A reduction sign tops a sale placard outside an existing home for sale in south Denver on Sunday, Aug. 17, 2008. Sales of existing homes in the Western U.S. edged higher overall in July, as many buyers took advantage of falling prices in foreclosure-ravaged areas in California, Nevada and elsewhere, an industry trade group said Monday, Aug. 25, 2008.

The Associated Press

Home values in Arizona continue to plummet at faster and faster rates.

New figures from the Office of Federal Housing Oversight show the average value of an Arizona house dropped 4.4 percent in just three months. That compares with a 2.8 percent drop in the prior three months, a 1.2 percent drop the quarter before that and a decline of less than 1 percent the prior quarter.

Overall, home values in Arizona are now 9.2 percent lower than the same period a year earlier. That means a home worth $200,000 on June 30 last year now is worth less than $181,700.

That 9.2 percent drop compares with a nationwide decline of just 1.7 percent. Only California, Nevada and Florida had sharper year-over-year declines.

The figures are a key indicator of actual home values because OFHEO actually tracks the sale and government-backed refinancing of the same houses. By contrast, median sales figures for a market simply measure the prices of the homes that are sold in that particular month.

Agency Director James Lockhart said there’s a reason for the sharp decline in Arizona and the other three states, calling them “the most overbuilt areas of the country.’’ He said that the high level of homes for sale just made worse the problems caused by tighter credit conditions.

Arizona’s continued housing bust continues to erode the gains in home values that property owners saw during the boom period when investors were snapping up houses as fast as they could be built and driving up prices.

As of the end of June, though, the average Arizona home was still worth 66 percent more than five years earlier -- and more than 418 percent more than 1980. That compares with national figures of a 34.8 percent value increase in five years and more than 280 percent since 1980.

The picture around Arizona in communities where home sales are monitored by the federal agency mirrors the state, with values declining at a sharper rate than before. But the size of that drop varies.

In Flagstaff, for example, the single-quarter drop was just 1.5 percent, with home values down in the last 12 months by 3.1 percent.

At the other extreme, homes in the Kingman and Lake Havasu area lost nearly 6.6 percent of their value in just three months and are now down by nearly 13.1 percent.

But the Phoenix metropolitan area, which includes all of Maricopa and Pinal counties, is not far behind.

Home values slid almost 5.2 percent between the first and second quarters of the year, compared to less than 3.3 percent between the last quarter of 2007 and the first quarter of this year. And OFHEO calculates the value of homes tracked is down more than 11 percent.

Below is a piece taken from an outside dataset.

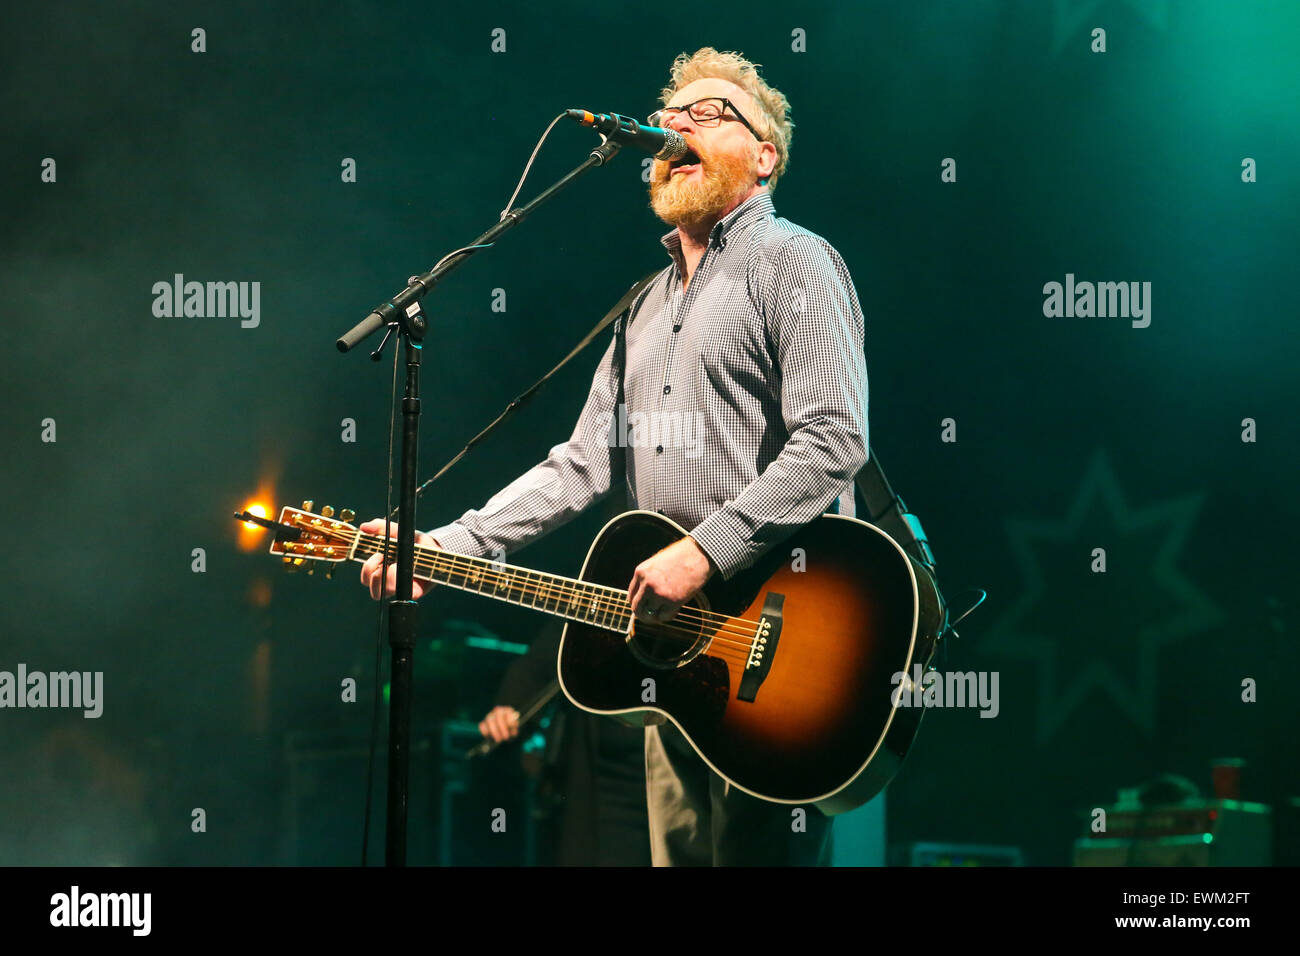 Raleigh, North Carolina, USA. 16th June, 2015. Music Artist FLOGGING MOLLY performs at the Red Hat Amphitheater in North Carolina. Flogging Molly is an American seven-piece Irish punk band from Los Angeles, California led by Irish vocalist Dave King, known for his work with Fastway. They are signed to their own record label, Borstal Beat Records. © Andy Martin Jr./ZUMA Wire/Alamy Live News Stock Photo

The drop in Tucson home values was not as sharp, with a 3.3 percent decrease in three months and nearly 5.9 percent on an annual basis. The value of an average Tucson home, though, still is 57.4 percent higher than it was five years ago.

All that, however, is positively glowing in comparison with three California communities -- Merced, Stockton and Modesto -- which saw year-over-year value declines of 28 percent or more. Overall California home values slid 15.8 percent in the past 12 months, the worst record in the nation.

That was followed by Nevada at 14.1 percent and Florida at 12.4 percent.

At the other extreme, Oklahoma posted a 4.9 percent increase in home values during the past year. But even with that, the five-year increase was just 26.5 percent.